# Keepers



## Bullybreed (Jun 25, 2007)

I was tryen to sell these with some Xikars but had no takers, so I said screw it and opened em up, glad I didnt sell em!!!


----------



## Lighthouse (Sep 5, 2007)

Those do look mighty fine!!


----------



## tobacmon (May 17, 2007)

Did not know you had them 4 sale--but hey they do look nice---PM


----------



## sofaman (Jun 20, 2007)

Those look mighty tasty!!!


----------



## chip1922 (Jan 13, 2008)

I've heard those are really good. Nice pics


----------



## Doogie (Oct 15, 2007)

:dribble: I love ****


----------



## smokinj (Jan 16, 2008)

Good choice. Nice pic's


----------



## karmaz00 (Dec 5, 2007)

good choice.great cigars


----------



## LkyLindy (Feb 1, 2008)

Smokin


----------



## Rocky Rulz (Jan 5, 2008)

Nothing wrong with TATS!


----------



## The EVP (Dec 21, 2007)

:dribble::dribble::dribble::dribble:


----------



## boomerd35 (Apr 24, 2007)

How bout I trade you some t*ts for some tats?


----------



## mjohnsoniii (Sep 9, 2007)

For Sale?!?!?!
:dribble:


----------



## elmomac (Jan 6, 2008)

I can see how they would be hard to part with!!


----------



## Itsme-Speedy-G (Aug 20, 2007)

how much for just one puff?


----------



## happy1 (Jun 29, 2007)

I missed this sale too,them are some purty sticks


----------



## seegarfan-cl (Sep 14, 2007)

If I'm not mistaken those are the Reserva SW, correct? I have a box open in my humi too.

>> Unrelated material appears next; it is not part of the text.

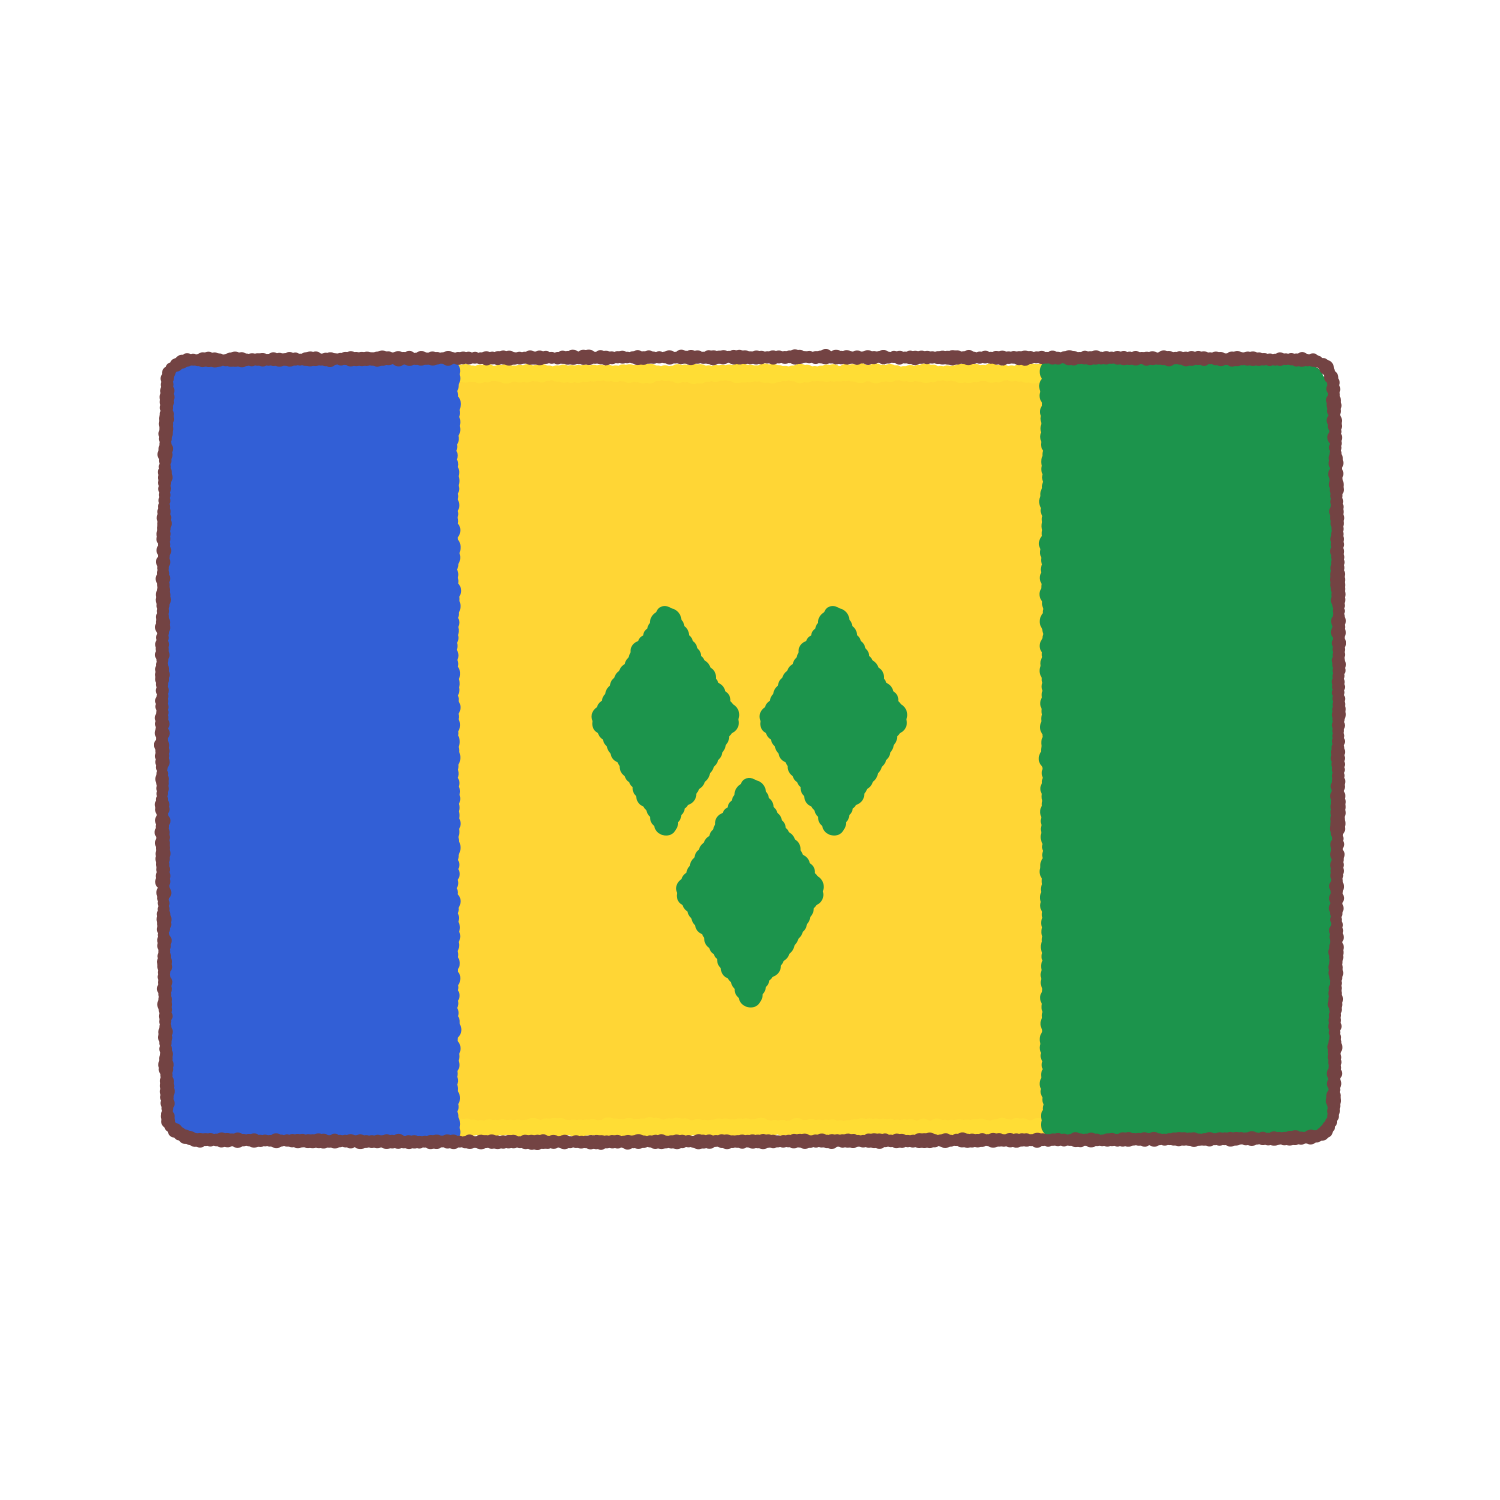 セントビンセント・グレナディーン諸島国旗のイラスト

You made a good choice.......very complex refined smoke from Pete.

Thanks for the pics

Mark


----------



## Habana-cl (Nov 7, 2007)

WOW, I missed these too. My goto smoke of last year was Tat's and Illusione's. Flint


----------



## Lok17 (Jul 31, 2007)

Itsme-Speedy-G said:


> how much for just one puff?


How much for one rib?


----------



## Cypress (Jun 27, 2007)

Nice sticks there.


----------



## jam (Dec 29, 2007)

they look really good


----------



## Itsme-Speedy-G (Aug 20, 2007)

Lok17 said:


> How much for one rib?


ohh good, I'm glad someone got that. got change for a fitty?


----------



## GatorMike (Sep 23, 2007)

Those are some pretty wrappers.


----------



## Tha Criddler (Jul 26, 2007)

That's one of the very few Tatuaje's I've not smoked but the presentation looks awesome.


----------



## doblemaduro (Jun 24, 2007)

nice choice keeping them. you'll love them!


----------



## hiway_86 (Jan 9, 2008)

Wow those look really tasty!!


----------



## guado (Apr 30, 2007)

umm..wow! I totally missed the part about those sticks. I just looked at Xikar and the price and was like...no way. I guess I should have read more... 

If you feel like selling fivers let me know!


----------



## Toasted Coastie (Feb 16, 2008)

I'd want to keep them too!


----------



## mhlatke (Oct 13, 2007)

Great lookin' box Joe (you made the right choice!)


----------



## tx_tuff (Jun 16, 2007)

Great choice Joe!


----------



## Labman (May 27, 2007)

Very nice Joe! Those are some oily looking sticks...yumm!


----------



## Bigfoot (Jun 25, 2007)

those are purdy!


----------